■ What is expected
Under this line are records; the part from the line containing "6th grade goes" through the line containing "Cotton Blend Cargo Striped Trousers 1 of 4" should be repeated exactly. Please exclude pictures.

■ Data provided
● ● ●
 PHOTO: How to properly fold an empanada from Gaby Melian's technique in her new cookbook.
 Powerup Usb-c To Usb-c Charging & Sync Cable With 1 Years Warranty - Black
● ● ●
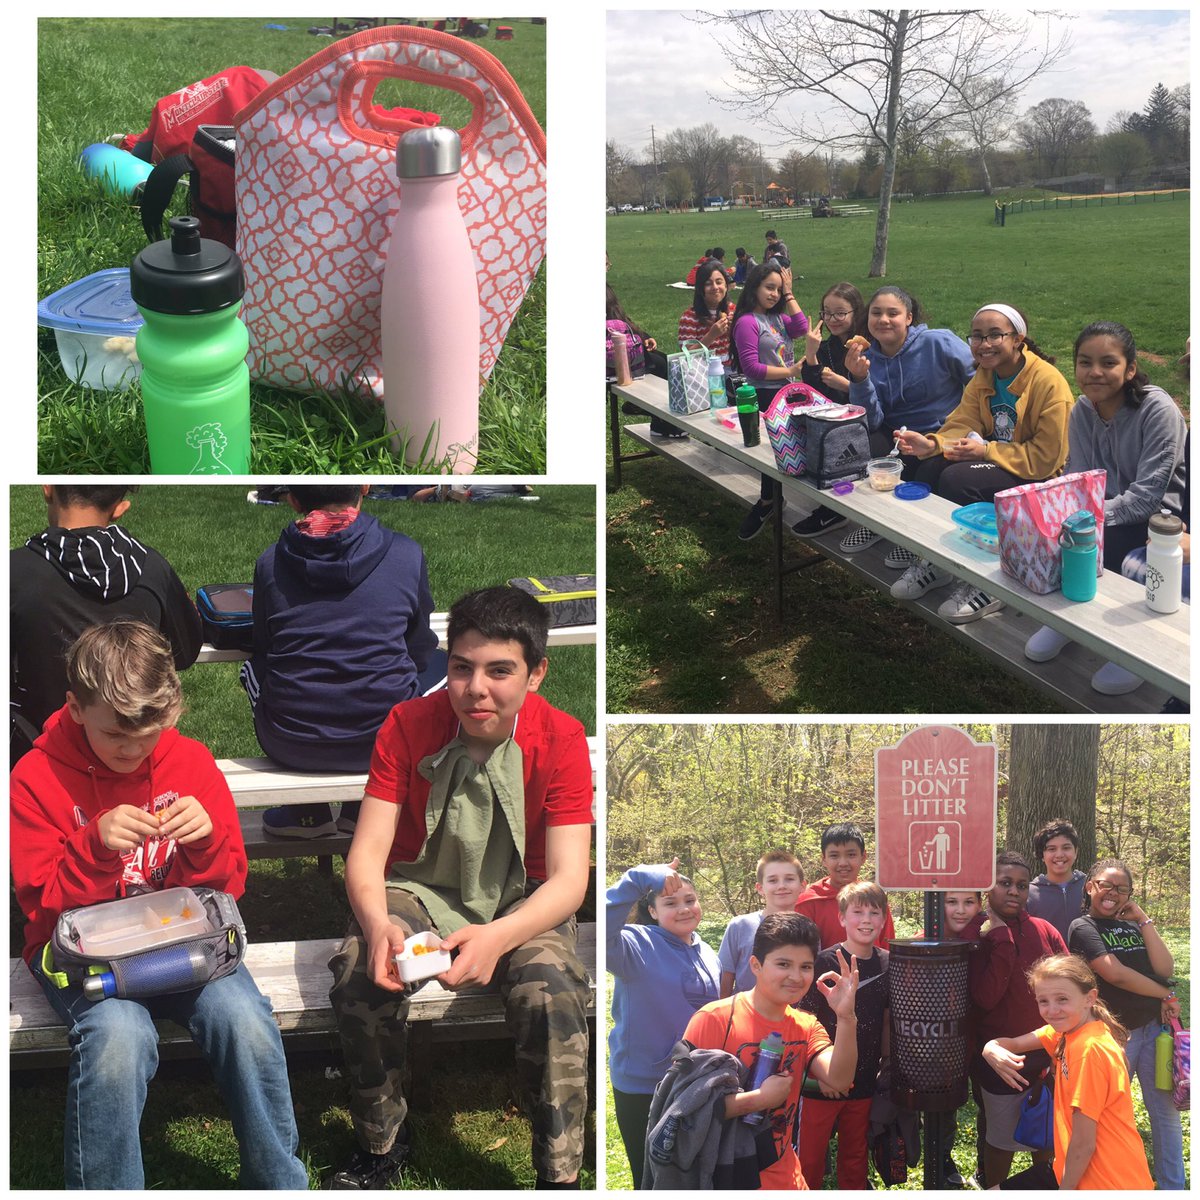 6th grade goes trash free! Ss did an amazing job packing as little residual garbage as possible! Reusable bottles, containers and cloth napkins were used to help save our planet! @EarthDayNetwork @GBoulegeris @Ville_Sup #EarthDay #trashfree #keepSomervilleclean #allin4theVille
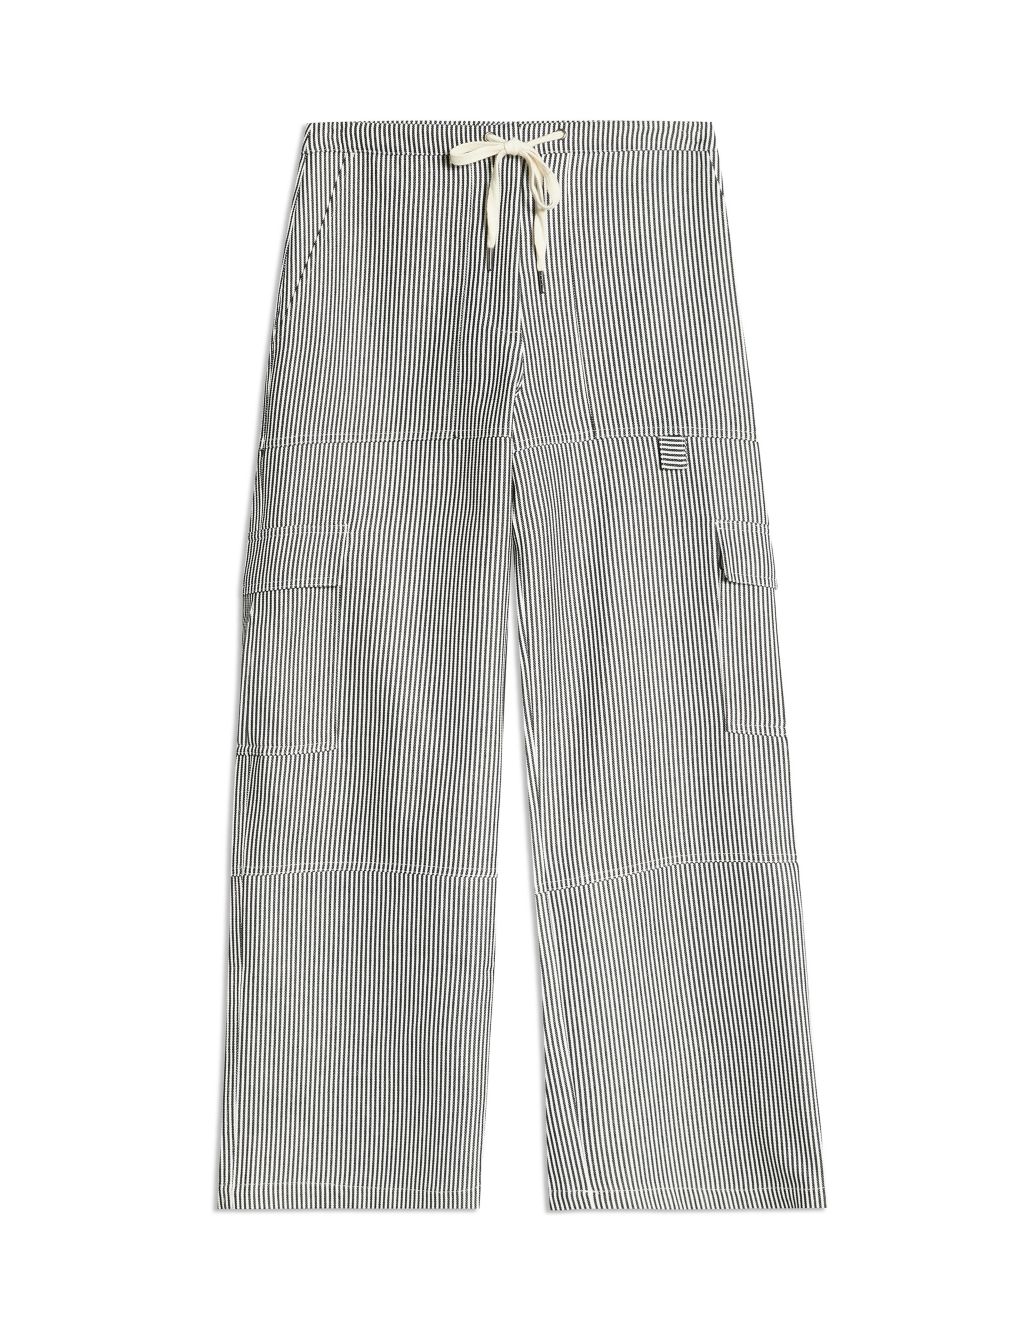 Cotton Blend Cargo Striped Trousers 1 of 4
● ● ●
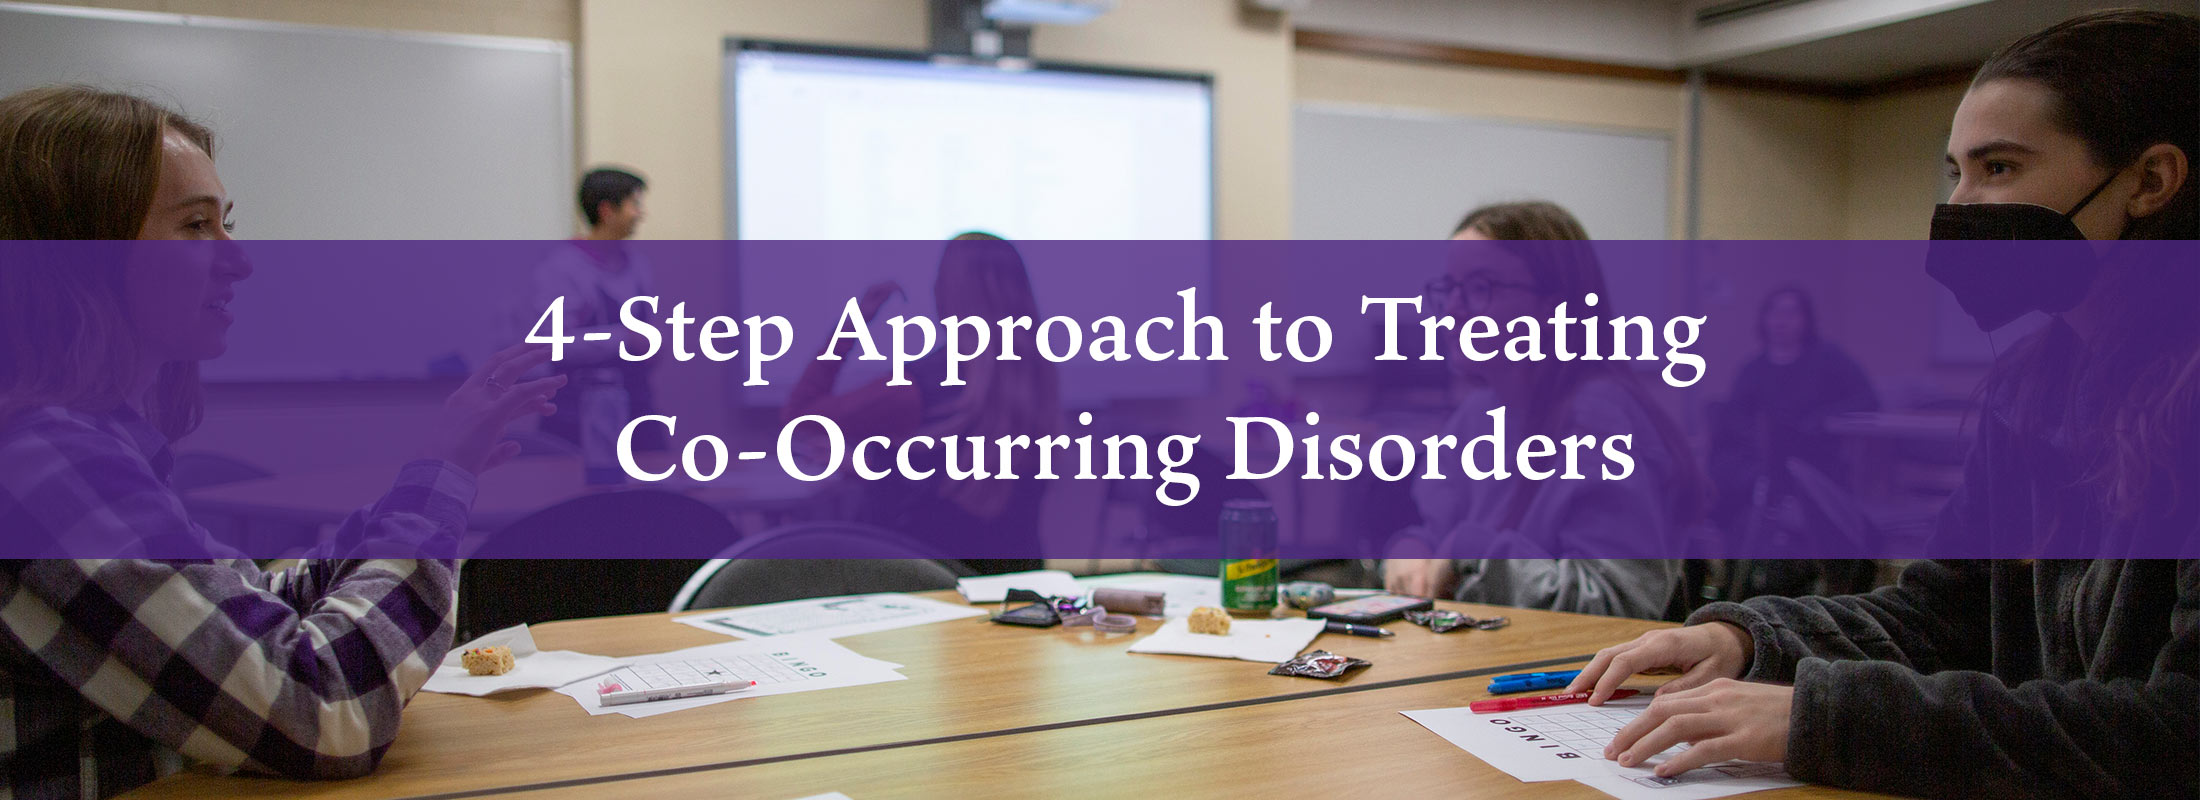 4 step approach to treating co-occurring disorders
● ● ●
■ Solution to the exercise
 6th grade goes trash free! Ss did an amazing job packing as little residual garbage as possible! Reusable bottles, containers and cloth napkins were used to help save our planet! @EarthDayNetwork @GBoulegeris @Ville_Sup #EarthDay #trashfree #keepSomervilleclean #allin4theVille
 Cotton Blend Cargo Striped Trousers 1 of 4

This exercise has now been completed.